OK ... good. I misunderstood you









Well, I certainly wouldn't expect to get a good roast out of 100gms ... which is really the reason why I may try a 100gm roast: I want to try to get a baked roast so that I get to know what a baked roast is.

Was your 100gm roast baked by any chance (as well as uneven etc.)?

Cheers

Robert


----------



## Batian (Oct 23, 2017)

It was not baked...unless by the odd bean, but I did not detect any baked characteristics.

To complicate matters the sample was that of a 'nearly straight from the wild' Ethiopian.

In reply to yours to Davecuk above.

From what you said earlier, when you cut the heat in a big roaster the temperature should hopefully no longer increase, but neither will it decrease by much because of the high thermal mass of the roaster (and beans). On the other hand, with the Gene, lowering the temperature will quite quickly result in a cooling of the beans because the roaster will be pumping in cold air. So I would have thought that one would need to be very careful about doing this, and make sure not to lower it so as to cause the beans to start cooling.

I can assure you that in a 1kg roaster, when you turn off the heat, the temperature can and does continue to rise quite dramatically! It's all good fun, hence DaveC's advice elsewhere on the forum, to bite the bullet (no slur intended!) buy 60 kgs of cheap Brazilian and play!

Last week my roaster took 45 minutes to cool from 200 ish to the turn off temp of 100C. And because of the high ambient, I exercised caution and did not turn off until 80C!


----------



## RA5040 (Jul 2, 2018)

Batian said:


> It was not baked...unless by the odd bean, but I did not detect any baked characteristics.
> 
> To complicate matters the sample was that of a 'nearly straight from the wild' Ethiopian.

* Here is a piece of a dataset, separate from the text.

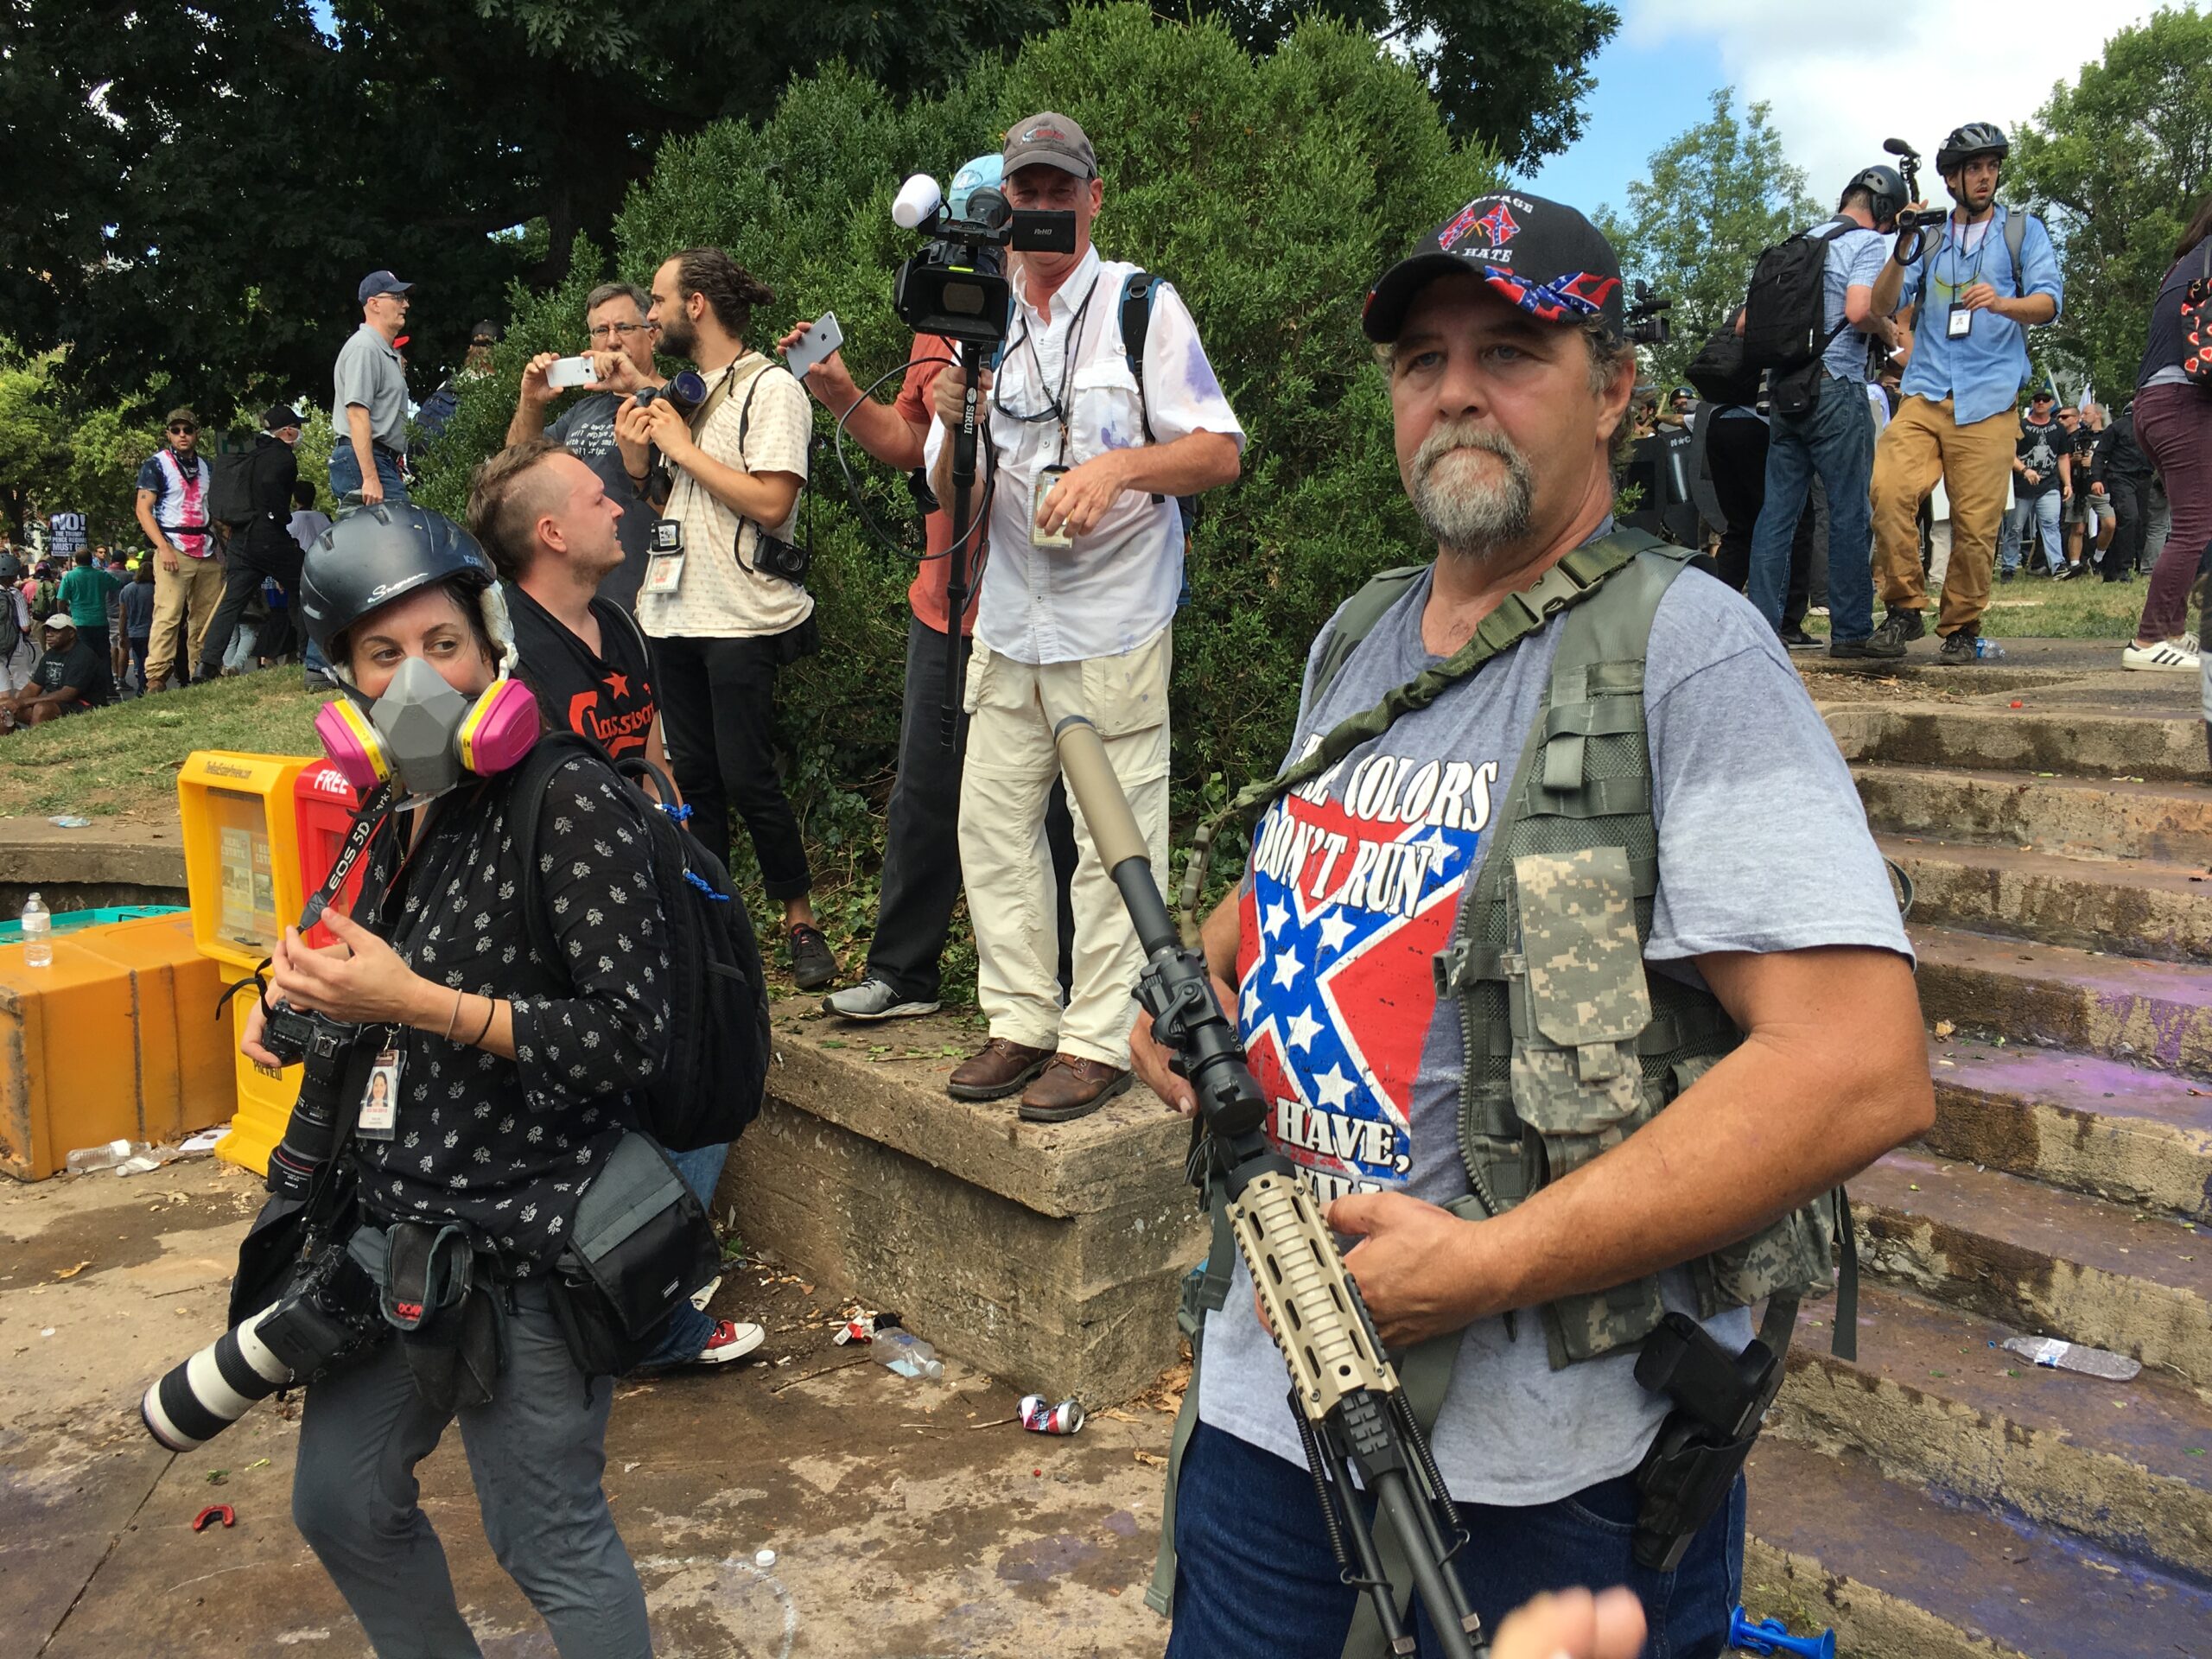 Man in Confederate flag t-shirt
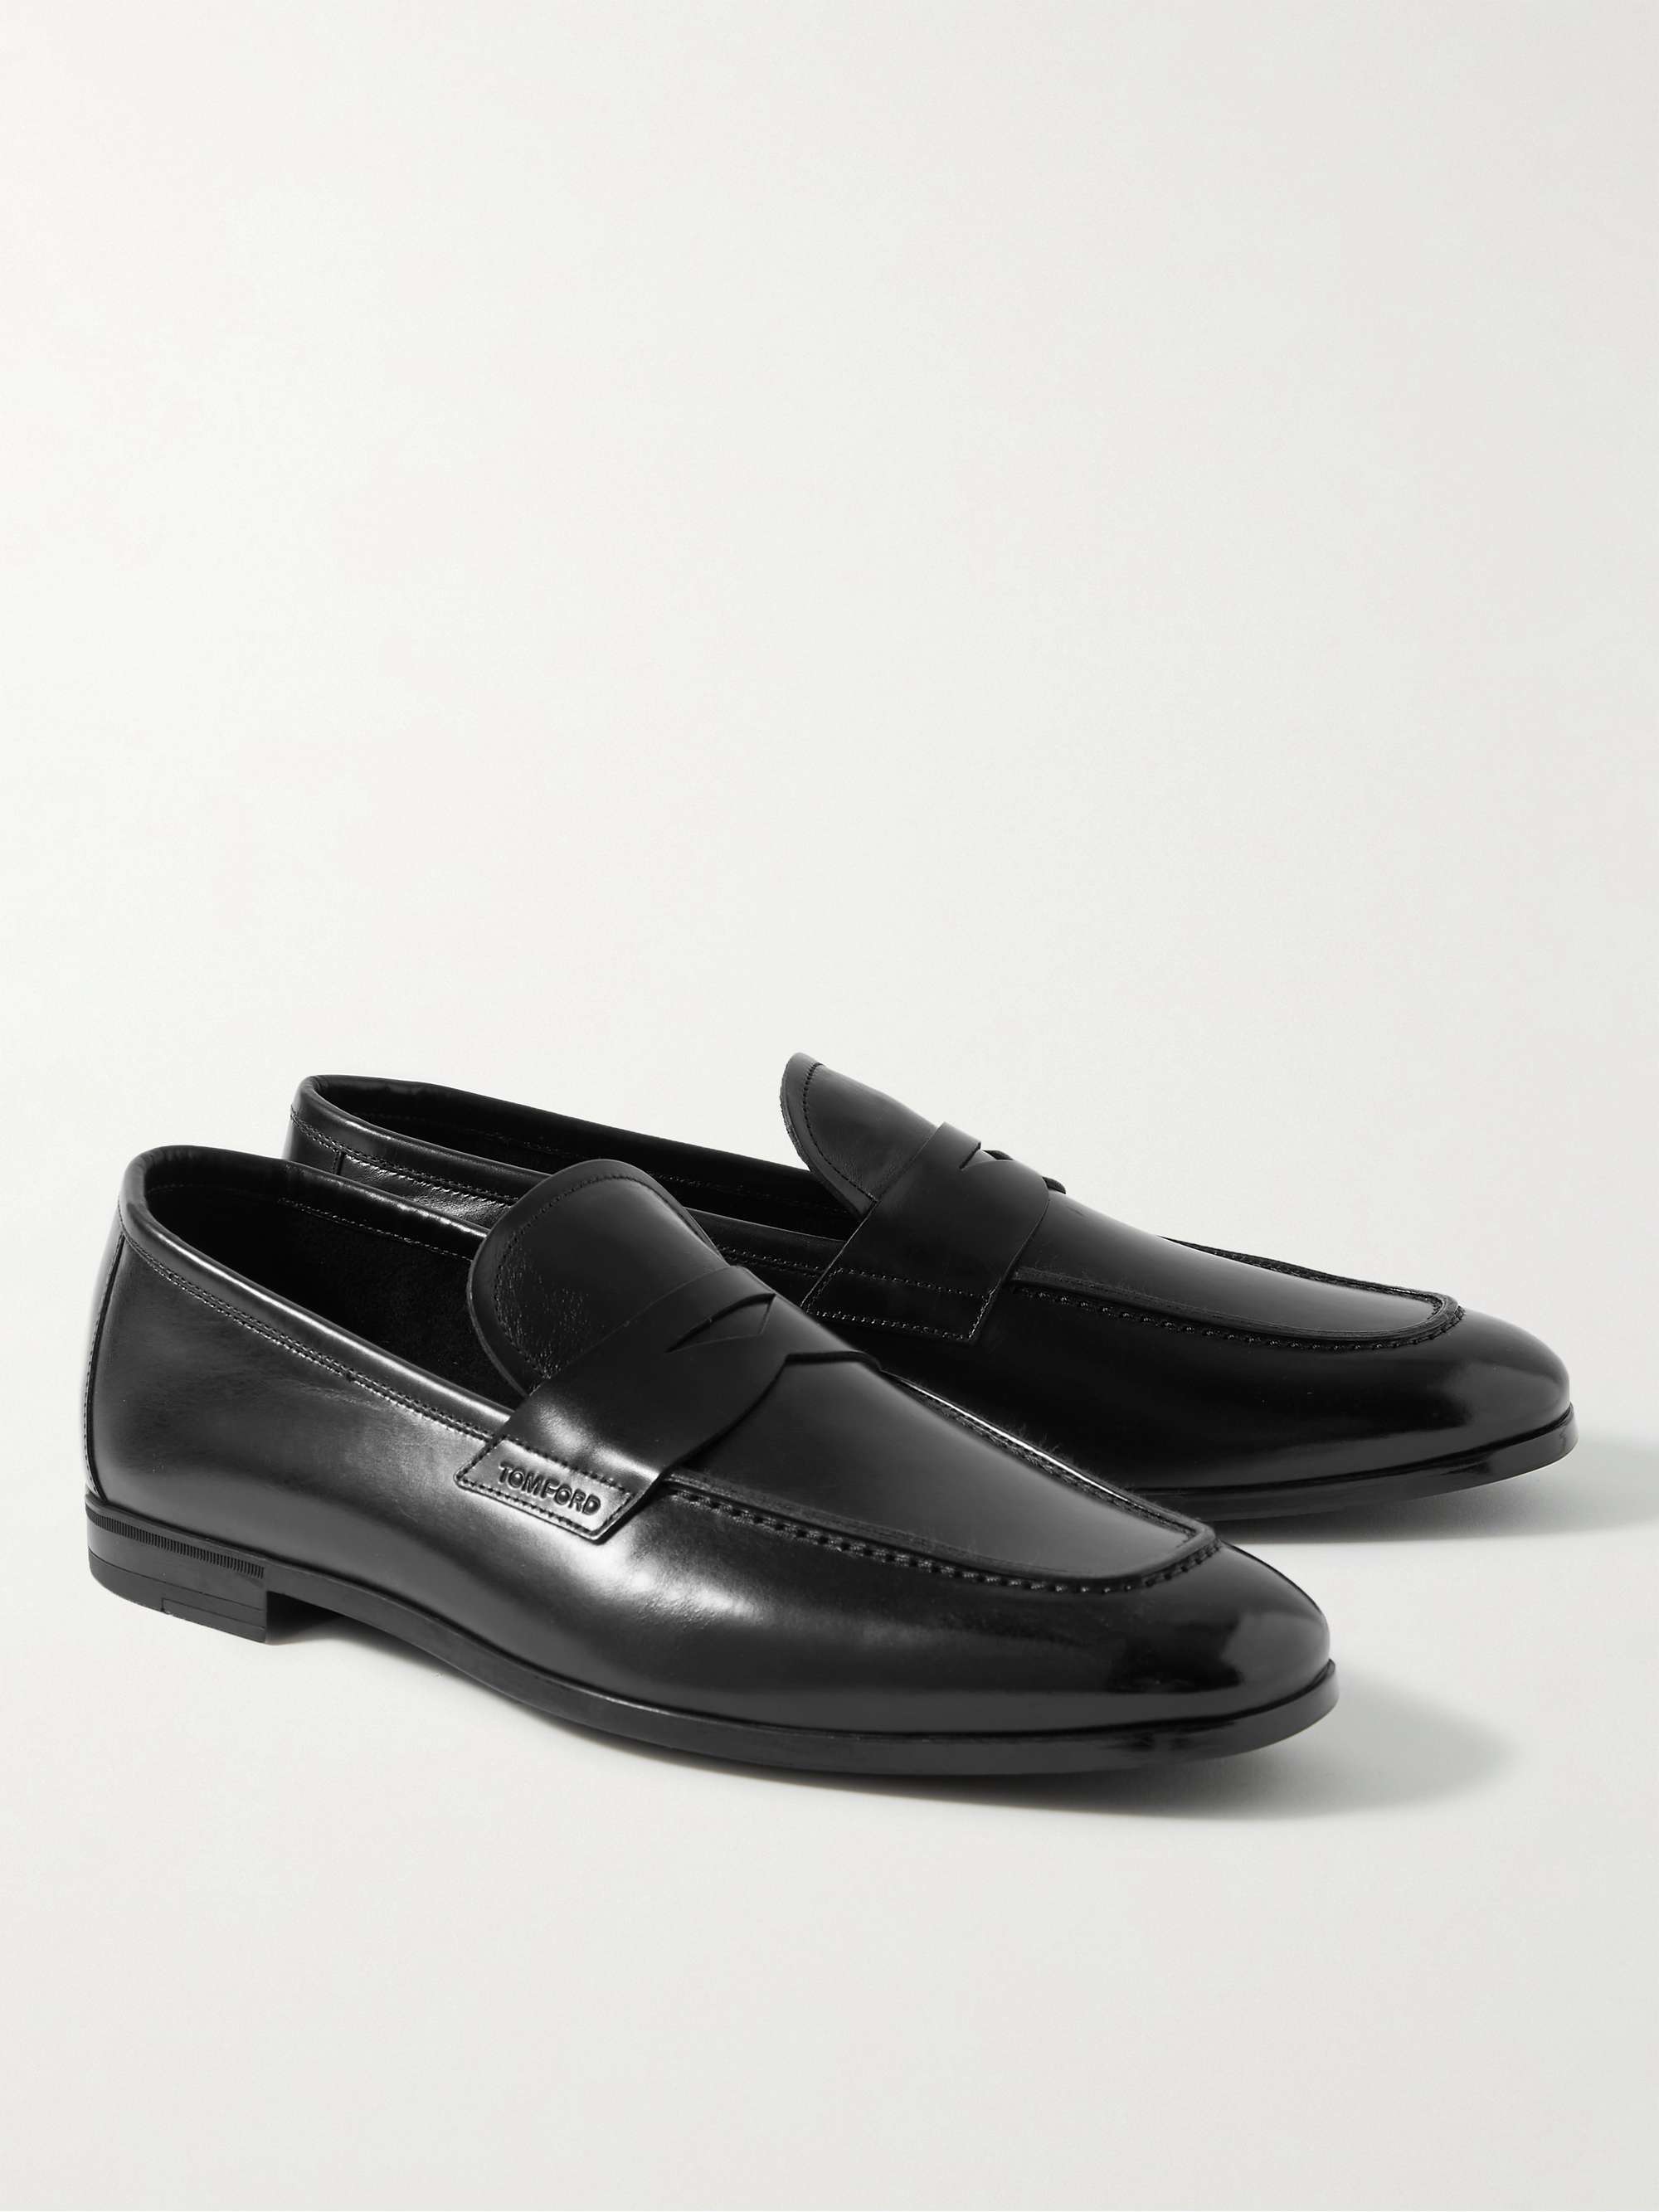 TOM FORD Sean Leather Penny Loafers for Men | MR PORTER

Would that not explain the unevenness of the roast? Nearly straight from the wild Ethiopians are likely to be a mixed bag, so to speak ... hardly major 21st Century quality control!



Batian said:


> I can assure you that in a 1kg roaster, when you turn off the heat, the temperature can and does continue to rise quite dramatically! It's all good fun, hence DaveC's advice elsewhere on the forum, to bite the bullet (no slur intended!) buy 60 kgs of cheap Brazilian and play!
> 
> Last week my roaster took 45 minutes to cool from 200 ish to the turn off temp of 100C. And because of the high ambient, I exercised caution and did not turn off until 80C!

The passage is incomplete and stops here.